Trading of Units. There is no established trading market for the Class A Units. The Company has engaged FNC Ag Stock, LLC to create a Qualified Matching Service ("QMS") in order to facilitate trading of the Class A Units. The QMS consists of an electronic bulletin board that provides information to prospective sellers and buyers of the Class A Units. The Company does not become involved in any purchase or sale negotiations arising from the QMS and takes no position as to whether the average price or the price of any particular sale is an accurate measure of the value of the Class A Units. As a limited liability company, the Company is required to restrict the transfers of the Class A Units in order to preserve their partnership tax status.

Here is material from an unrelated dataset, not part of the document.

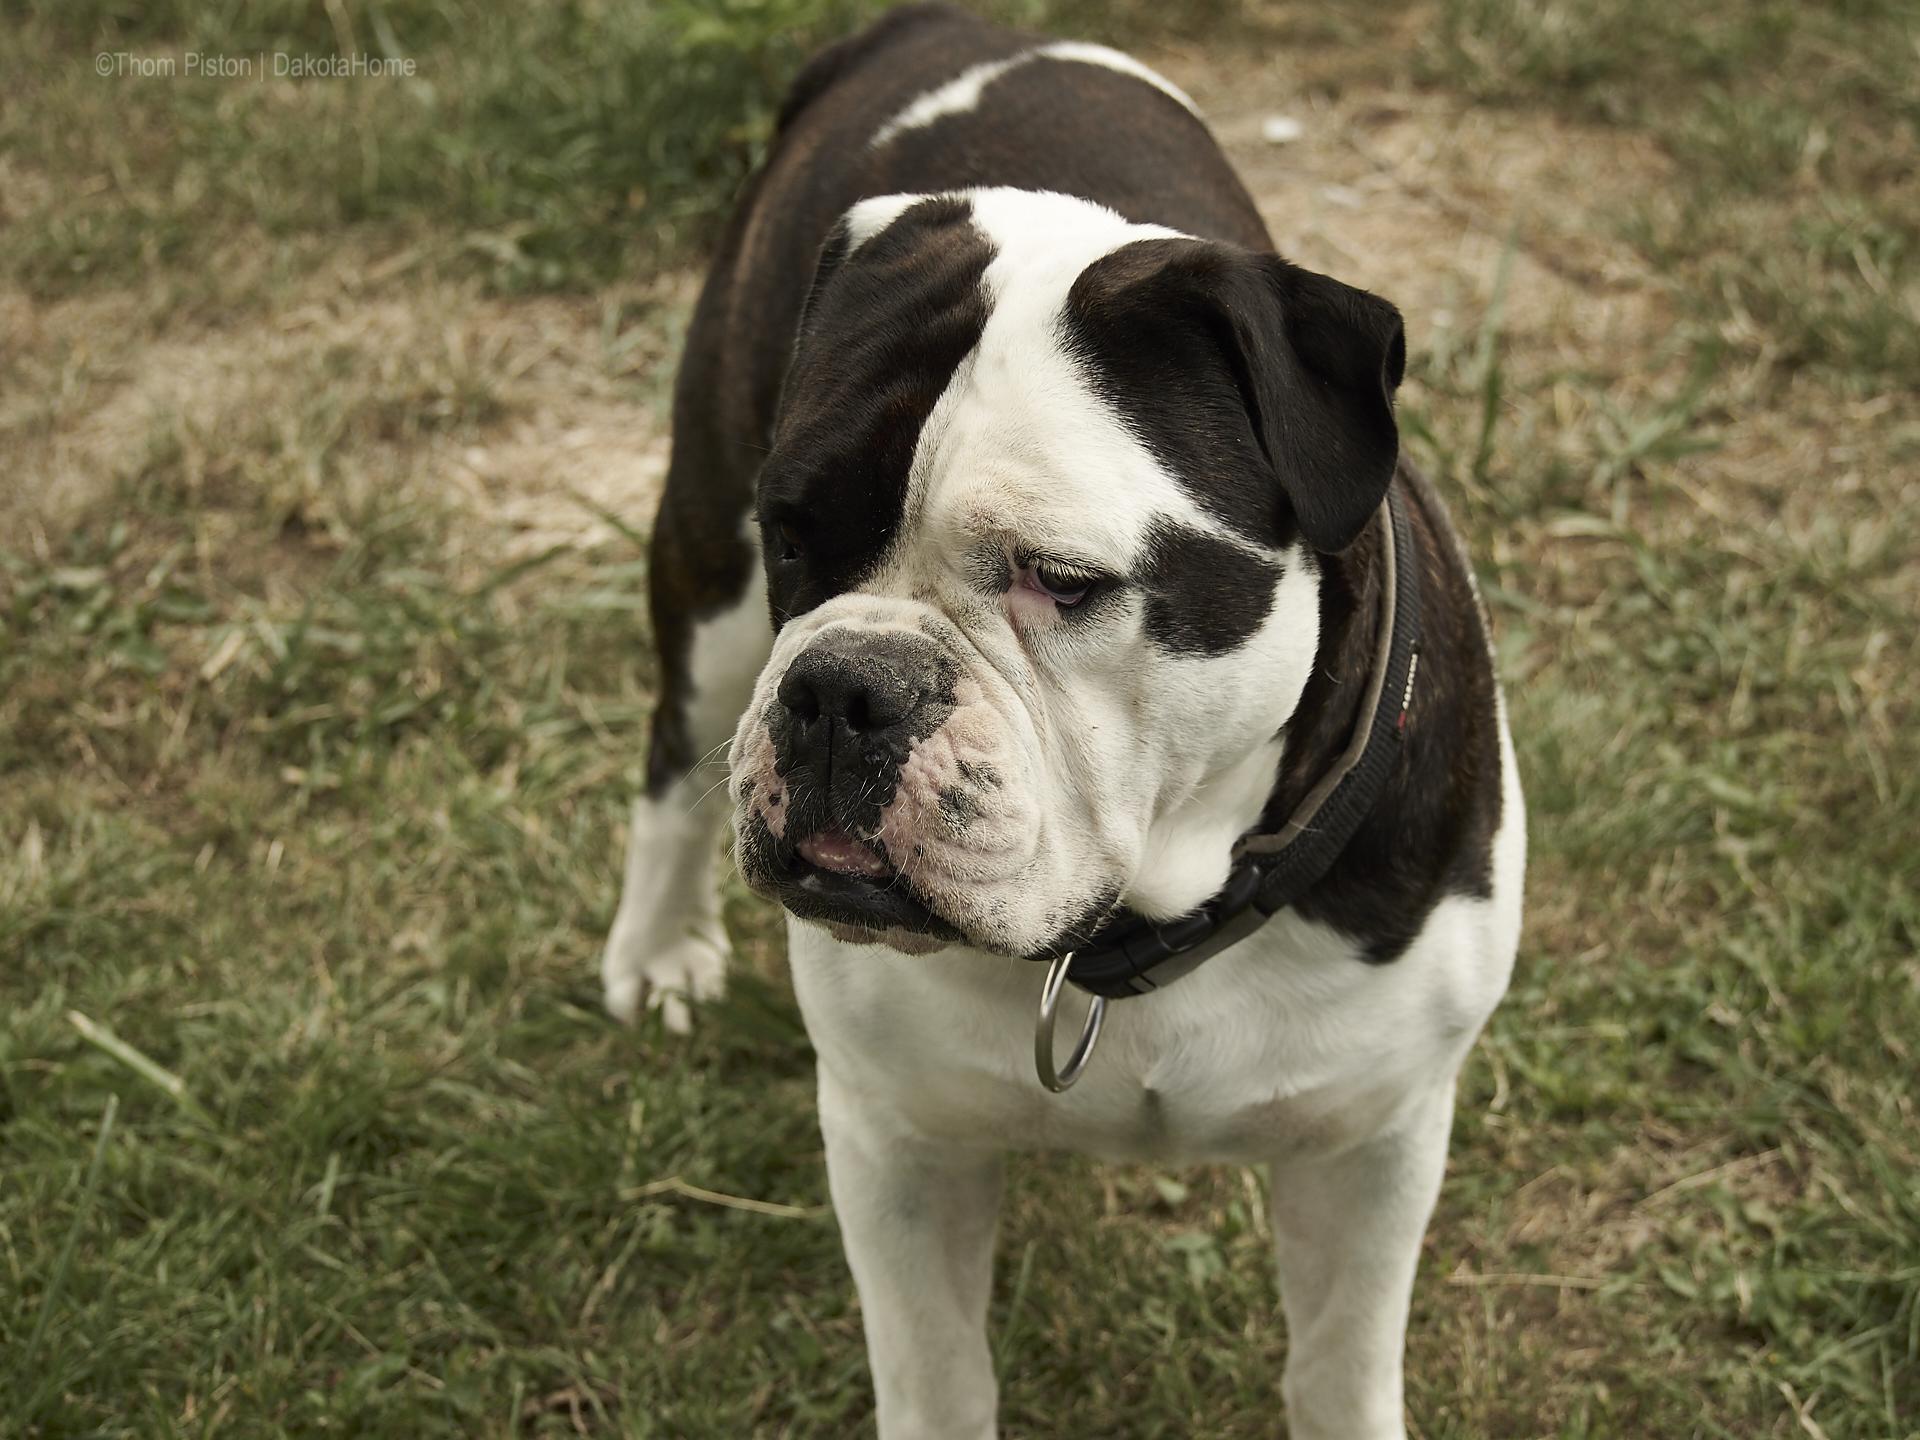 Dakota Home, Alwin die Olde British Bulldog kurz vorm blödsinn machen..zb. kartoffeln ausgraben um zu sehn ob sie schon fertig sind...

The Class A Units may not be traded on any established securities market or readily traded on a secondary market (or the substantial equivalent thereof). All transfers are subject to a determination that the transfer will not cause the Company to be deemed a publicly traded partnership.

The Company has no role in effecting the transactions beyond approval, as required under the Operating Agreement and the issuance of new certificates. So long the Company remains a publicly reporting company, information about the Company will be publicly available through the SEC's EDGAR filing system. However, if at any time the Company ceases to be a publicly reporting company, the Company may continue to make information about the Company available publicly on their website.

Transfer Restrictions. Members may freely transfer or assign all or any portion of their Class A Units, including Governance Rights and/or Financial Rights, so long as they are; (1) by sale, gift, or devise to a spouse or child of the transferring Member; (2) following the death, withdrawal, bankruptcy, divorce, separation, dissolution or termination of the transferring Member; (3) by a Member and any related persons (as defined in Section 267(b) of the Internal Revenue Code) in one or more transactions during any thirty (30) calendar day period of Class A Units in the aggregate less than two percent (2%) of the total outstanding Class A Units in the Company; (4) by a Member and any other Members, acting together, of Class A Units representing in the aggregate more than fifty percent (50%) of the total outstanding Class A Units of the Company; or (5) by transfer effected through a qualified matching service program. The transferor or assignor of all or any such portion of such Class A Units continues to be a Member of the Company to the extent such transferor or assignor retains a Membership Interest having Governance Rights. The transferee or assignee of the Governance Rights and Financial Rights or only Governance Rights may be admitted as a Member as provided in Article 9 of the Member Control Agreement. Further, transfers will not be recognized by the Company until they are reflected in the required records of the Company.

Certain Provisions of Our Certificate of Organization and Operating Agreement

Board of Governors. The Company is managed by a Board of Governors. Each individual Governor holds office for a term of three years. The Company’s current Board of Governors has 5 elected Governors, three of whose terms will expire at the 2022 annual meeting, two of whose terms will expire at the 2023 annual meeting and the remaining Governors’ terms will expire at the 2024 annual meeting. The process for nominating and electing governors is communicated to the Members in a timely manner in advance of the annual meeting in accordance with §2.2 of the Operating Agreement.




Action by Written Consent. The Operating Agreement provides that any action required or permitted to be taken at a meeting of the Members (whether an annual or special meeting) may be taken without a meeting and without notice if the action is taken by the Members holding at least the voting power of the outstanding Class A Units required to take action at a meeting of the Members.